Dominic: note that in both parts, the respective authors find slightly more than what they were required to. That is, respectively, the interpretation of k, and a bound on m_{2k+1}. The latter is an excellent example of the general notion that sometimes it is better to use a stronger statement than what you actually require in an induction argument (here for existence). The stronger statement (which you guess from playing with examples) makes the inductive step easier, as it’s then clear that the new term you get is distinct from the terms you already have.

Problem 4

In the Cartesian plane, let \mathcal G_1, \mathcal G_2 be the graphs of the quadratic functions f_1(x) = p_1x^2 + q_1x + r_1, f_2(x) = p_2x^2 + q_2x + r_2, where p_1 > 0 > p_2. The graphs \mathcal G_1, \mathcal G_2 cross at distinct points A and B. The four tangents to \mathcal G_1, \mathcal G_2 at~A and B form a convex quadrilateral which has an inscribed circle. Prove that the graphs \mathcal{G}_1 and \mathcal{G}_2 have the same axis of symmetry.

This question is quite unusual for an olympiad of this kind, and I was initially skeptical, but then it grew on me. Ultimately, I was unsurprised that many contestants attacked entirely with coordinate calculations. If you use this strategy, you will definitely get there in the end, but you have to accept that you aren’t allowed to make any mistakes. And because of the amount of symmetry in the configuration, even if you make a mistake, you might still get the required answer, and so not notice that you’ve made a mistake. But I decided I liked it because various levels of geometric insight either reduced or removed the nastier calculations.

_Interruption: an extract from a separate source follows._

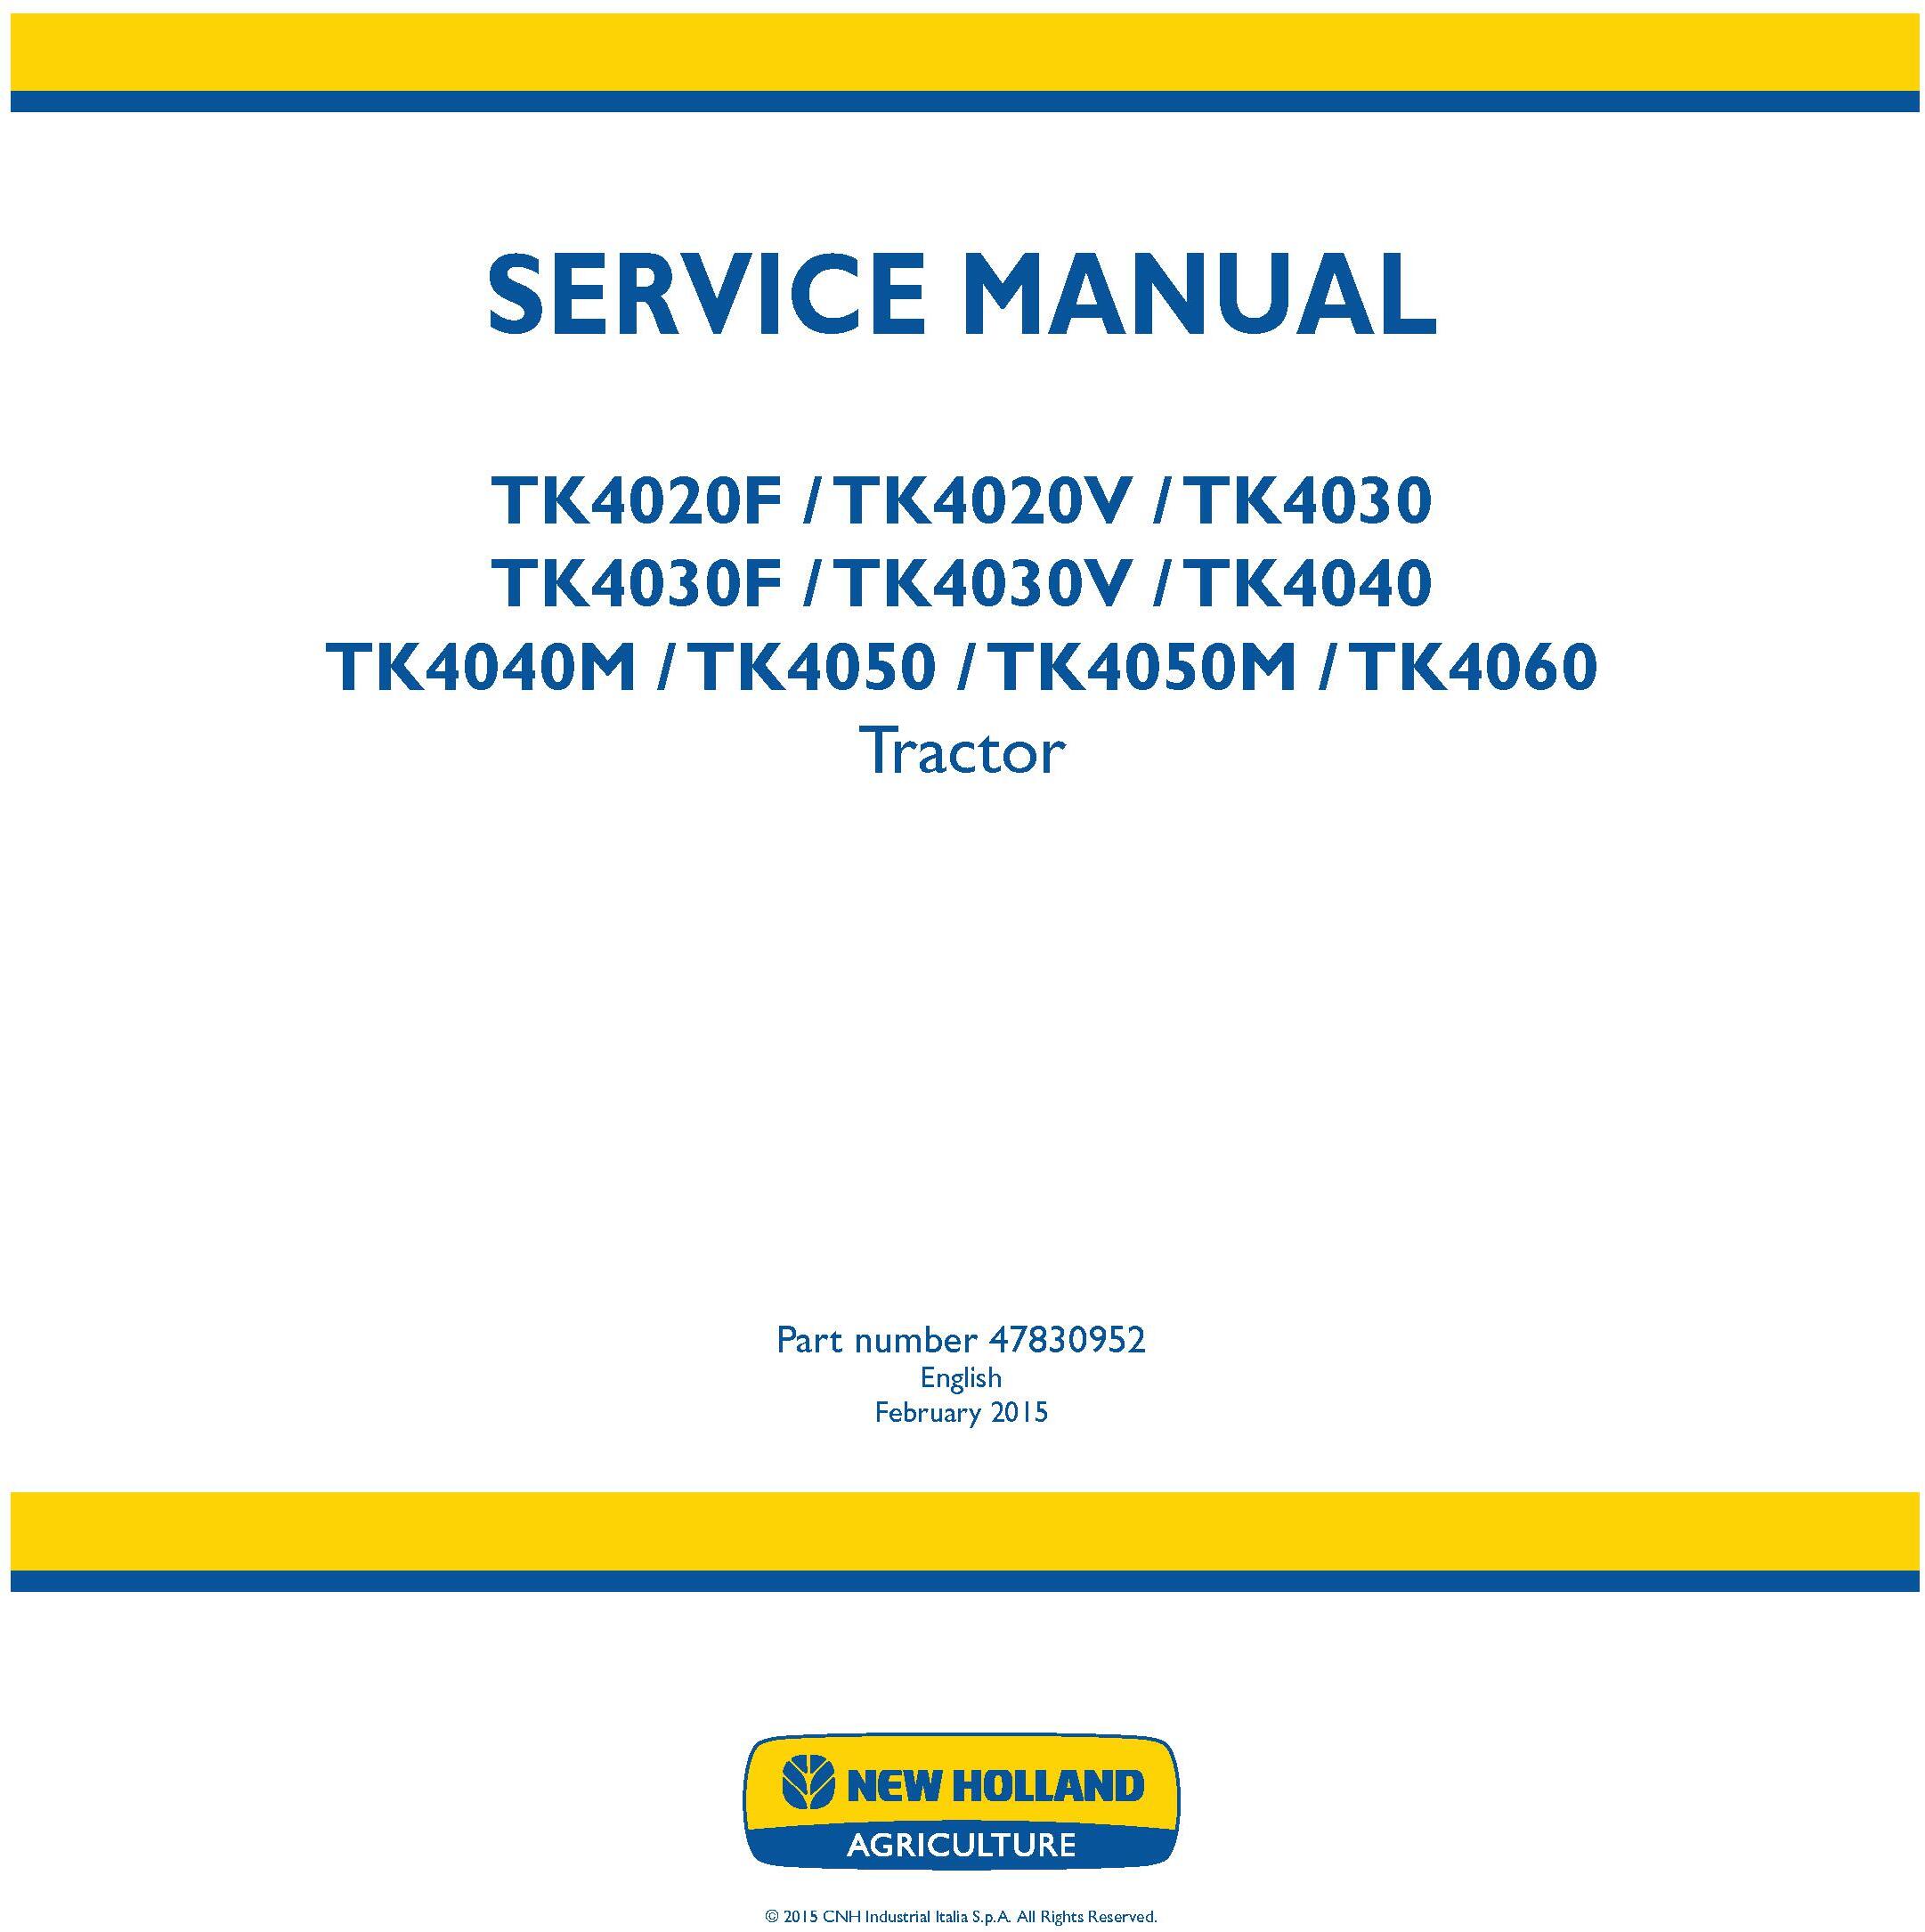 New Holland TK4020 F/V, TK4030 / F/V, TK4040 /M, TK4050 /M, TK4060 Crawler Tractor Service Manual - 19419

Typically, one could gain geometric insight by carefully observing an accurate diagram, but an accurate parabola is hard to draw. However, even from a vague diagram, we might guess the key intermediate property of the configuration, which is that the line joining the other two points in the quadrilateral is parallel to the y-axis. This means that they have the same x-coordinate, and indeed this x-coordinate must in fact be the same for any parabola through A and B, so it is reasonable to guess that it is \frac{x_A+x_B}{2}, the mean of the x-coordinates of A and B.

Since you know this is the goal, it’s not too bad to calculate the equations of the tangent lines directly, and demonstrate this algebraically. But I was determined to use the focus-directrix definition of a parabola. Either recall, or digest the interesting new fact that a parabola may be defined as the locus of points which are the same distance from a fixed point P (the focus), and a fixed line \ell (the directrix). Naturally, the distance to the line is perpendicular distance.

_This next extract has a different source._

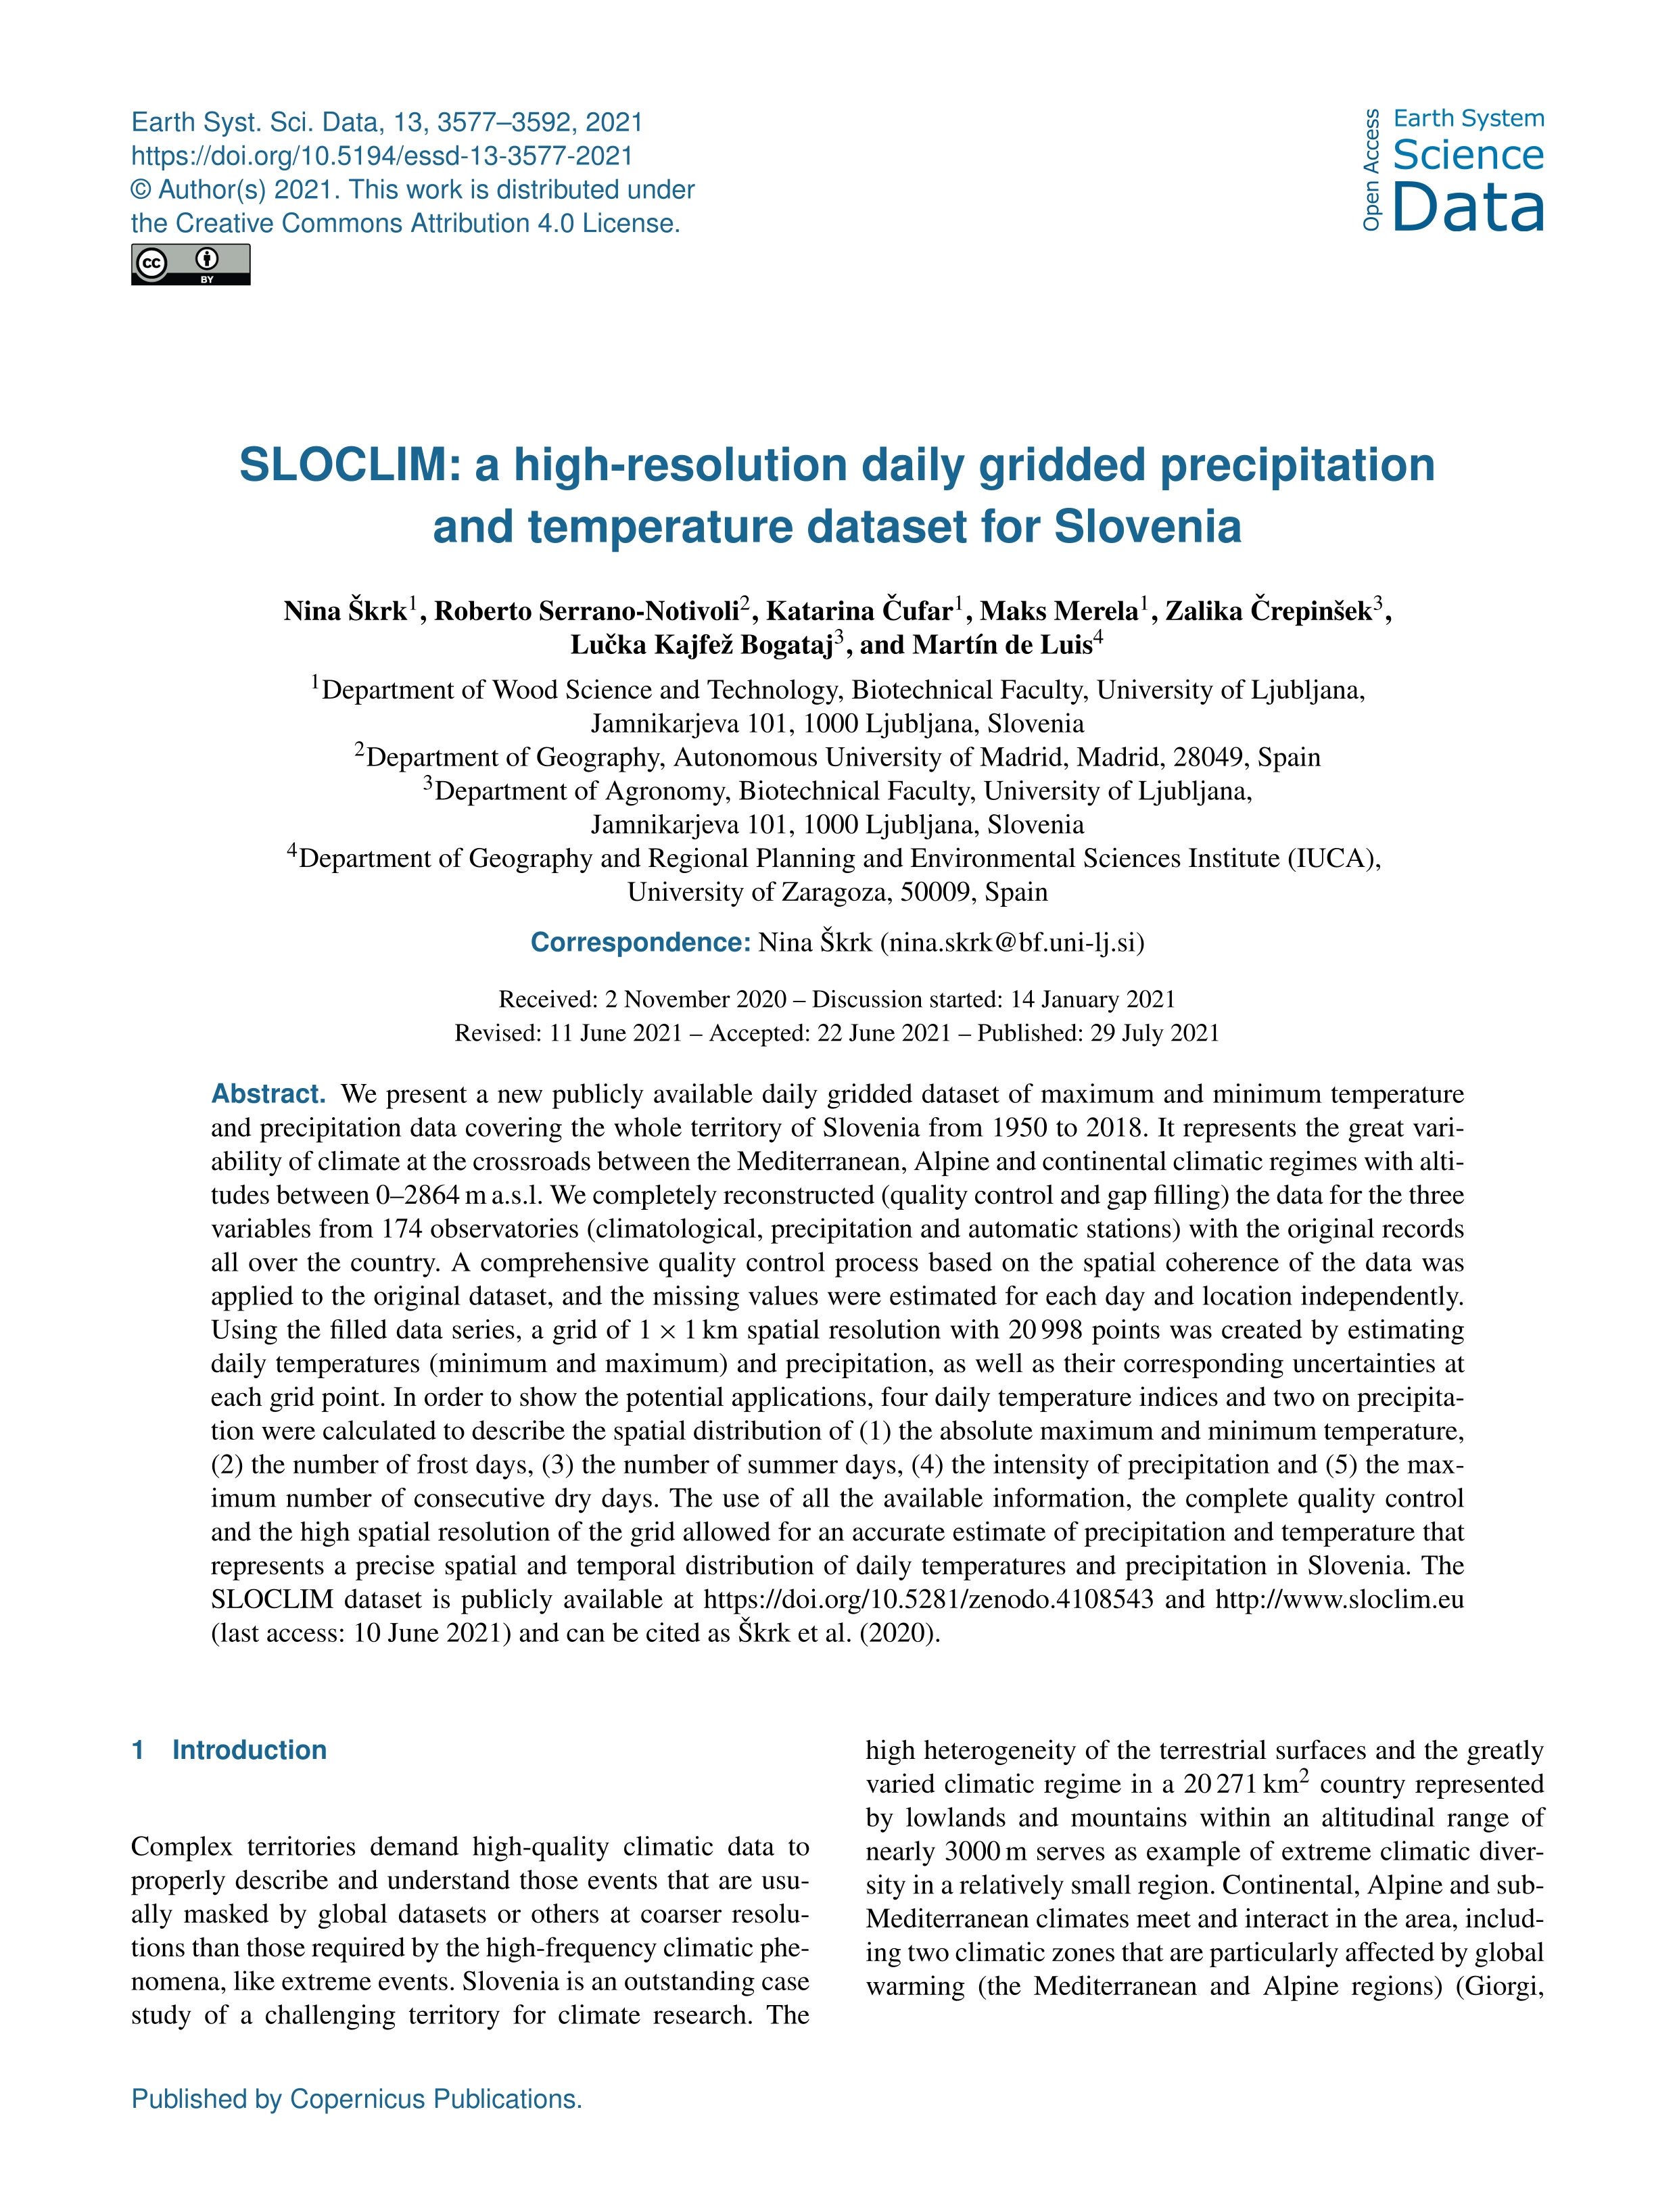 SLOCLIM: a high-resolution daily gridded precipitation and temperature dataset for Slovenia

To ensure the form given in the statement where y is a quadratic function of x, in this setting the directrix should be parallel to the x-axis. To define the tangent to the parabola at A, let A’ be the foot of the perpendicular from A onto \ell, so AA’=PA. I claim that the tangent at A is given by the perpendicular bisector of A’P. Certainly this passes through A, and it is easy to convince yourself that it can’t pass through any other point B on the parabola, since BA’> PB, as A’ is on \ell but is not the foot of the perpendicular form B to \ell. This final observation is truly a lot more obvious if you’re looking at a diagram.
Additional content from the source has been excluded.